AI/TLDR

Gemini Diffusion

Google's experimental text-diffusion model that writes ~1,500 tokens/second

Overview

Gemini Diffusion is an experimental research model from Google DeepMind, unveiled at Google I/O on May 20, 2025. It is Google's first language model to use a diffusion approach instead of the autoregressive transformer decoding that powers the rest of the Gemini family. Rather than emitting text one token at a time, Gemini Diffusion learns to turn random noise into coherent text through repeated refinement steps, much like image models such as Imagen and Stable Diffusion do for pixels.

The headline advantage is raw speed. Google's own demo page reports a sampling speed of 1,479 tokens per second (with 0.84 seconds of overhead), and Google describes the model as running roughly 5x faster than Gemini 2.0 Flash-Lite while matching its coding performance. Independent testers measured real generations in the 850-2,000 tokens-per-second range, fast enough that long code snippets and HTML pages appear almost instantly. Because the model denoises whole blocks at once, it can also revise earlier parts of an answer during generation rather than being locked into each token as it goes.

Gemini Diffusion is not a generally available product. At launch it was shared only with trusted testers as a waitlist-gated experimental demo, and Google positioned it as a research preview meant to inform future, faster models. It is text-only, and Google has not published a parameter count, context window, or pricing for it. The diffusion ideas explored here later surfaced in DiffusionGemma, a separate open-weights model Google released in June 2026.

Released2025-05-20
LicenseProprietary (Google, waitlist demo)
WeightsAPI only
ParametersNot disclosed
Max outputNot disclosed
ArchitectureText diffusion model. Instead of predicting one token at a time like an autoregressive transformer, it generates text by starting from noise and refining it over several denoising steps, producing whole blocks of tokens in parallel. This lets it correct mistakes mid-generation and reach very high sampling speeds.
Knowledge cutoffNot disclosed
ModalitiesText
StatusExperimental research demo (waitlist access)

Benchmarks

  1. HumanEval89.6%
  2. MBPP76%
  3. LiveCodeBench (v6)30.9%
  4. BigCodeBench45.4%
  5. LBPP (v2)56.8%
  6. AIME 202523.3%
  7. GPQA Diamond40.4%
  8. Global MMLU (Lite)69.1%
  9. SWE-Bench Verified22.9%

Scores on a 0–100 scale (25-point gridlines); higher is better. Each benchmark links to its published source.

Strengths

  • Extremely fast generation: ~1,479 tokens/second on Google's demo, several times faster than comparable autoregressive models
  • Competitive coding quality despite the speed: nearly matches Gemini 2.0 Flash-Lite on HumanEval, MBPP and BigCodeBench, and edges ahead on LiveCodeBench v6 and AIME 2025
  • Block-parallel denoising lets it self-correct mid-generation instead of committing to each token irreversibly
  • Demonstrates that text diffusion is viable at scale, opening a faster alternative to standard token-by-token decoding

Best for

  • Low-latency code generation and editing where near-instant output matters
  • Interactive demos and prototyping that benefit from very fast first-token-to-finish time
  • Research and experimentation with non-autoregressive (diffusion) text generation
  • Exploring iterative draft-and-refine workflows that exploit the model's mid-generation error correction

Gemini Diffusion / DiffusionGemma — every version

The full lineage of the Gemini Diffusion / DiffusionGemma line, newest first. Every version has its own page — click any to compare specs, benchmarks and pricing.

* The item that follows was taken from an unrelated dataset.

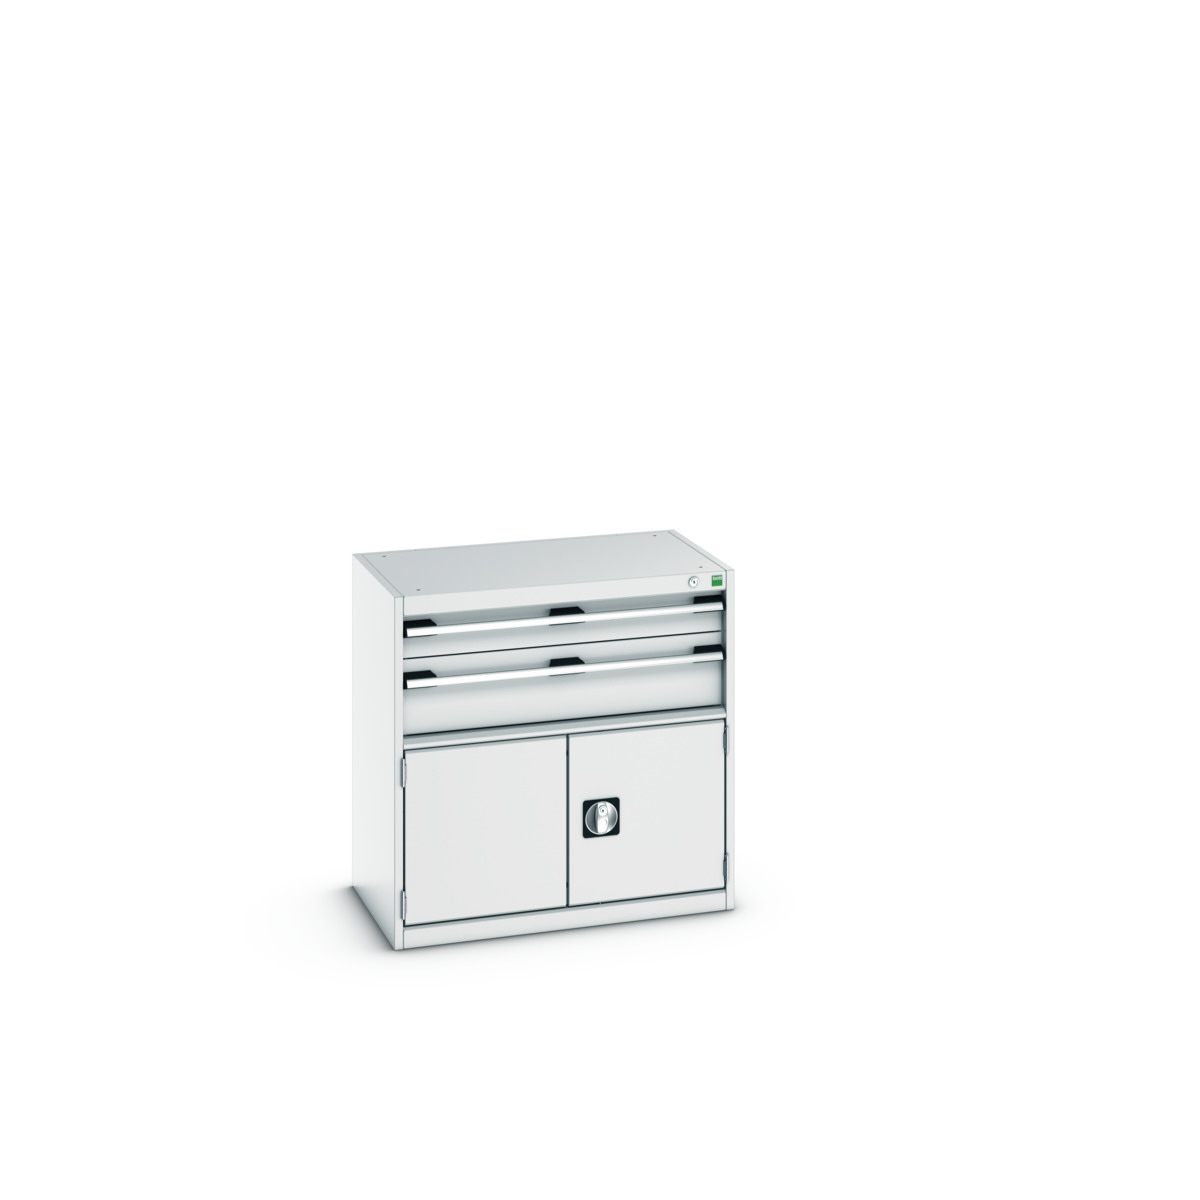 40012013.16V - cubio drawer-door cabinet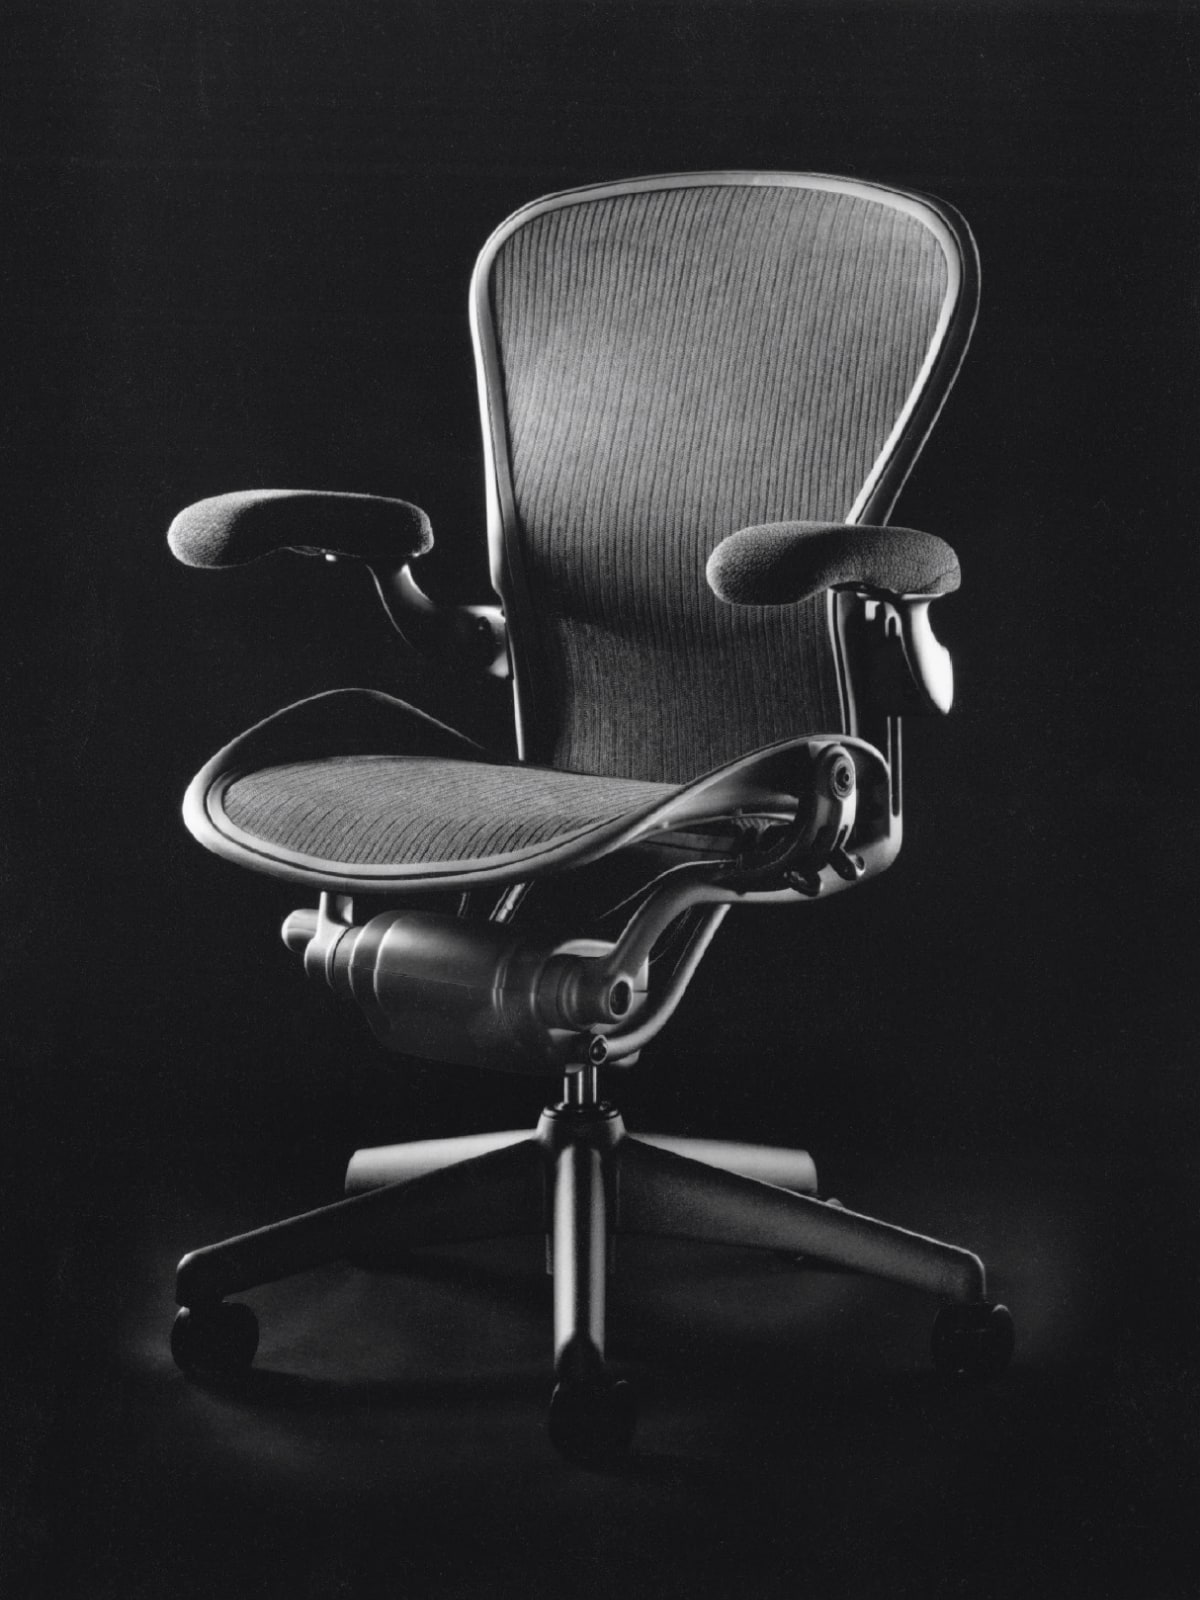 A black Aeron Chair with a 5-star base.

VersionReleasedContextLicense
DiffusionGemmacurrent2026-06-10Apache-2.0
Gemini Diffusion2025-05-20Proprietary

FAQ

What is Gemini Diffusion?

Gemini Diffusion is an experimental research model from Google DeepMind, shown at Google I/O on May 20, 2025. It is Google's first text-generation language model to use a diffusion process: instead of predicting tokens one at a time, it turns random noise into text through repeated refinement steps, generating whole blocks in parallel.

How fast is Gemini Diffusion?

Google's demo page lists a sampling speed of 1,479 tokens per second with 0.84 seconds of overhead, and describes the model as roughly 5x faster than Gemini 2.0 Flash-Lite. Independent testers reported real-world speeds in the 850-2,000 tokens-per-second range.

Can I use Gemini Diffusion through an API?

No. Gemini Diffusion was released only as a waitlist-gated experimental demo for trusted testers, not as a generally available or paid API product. Google has not published pricing, a parameter count, or a context window for it.

How is Gemini Diffusion different from DiffusionGemma?

Gemini Diffusion is the closed, experimental research demo Google showed in May 2025. DiffusionGemma is a separate open-weights diffusion model (a 25.2B-total / 3.8B-active mixture-of-experts) that Google released later, in June 2026, under the Apache 2.0 license with weights on Hugging Face.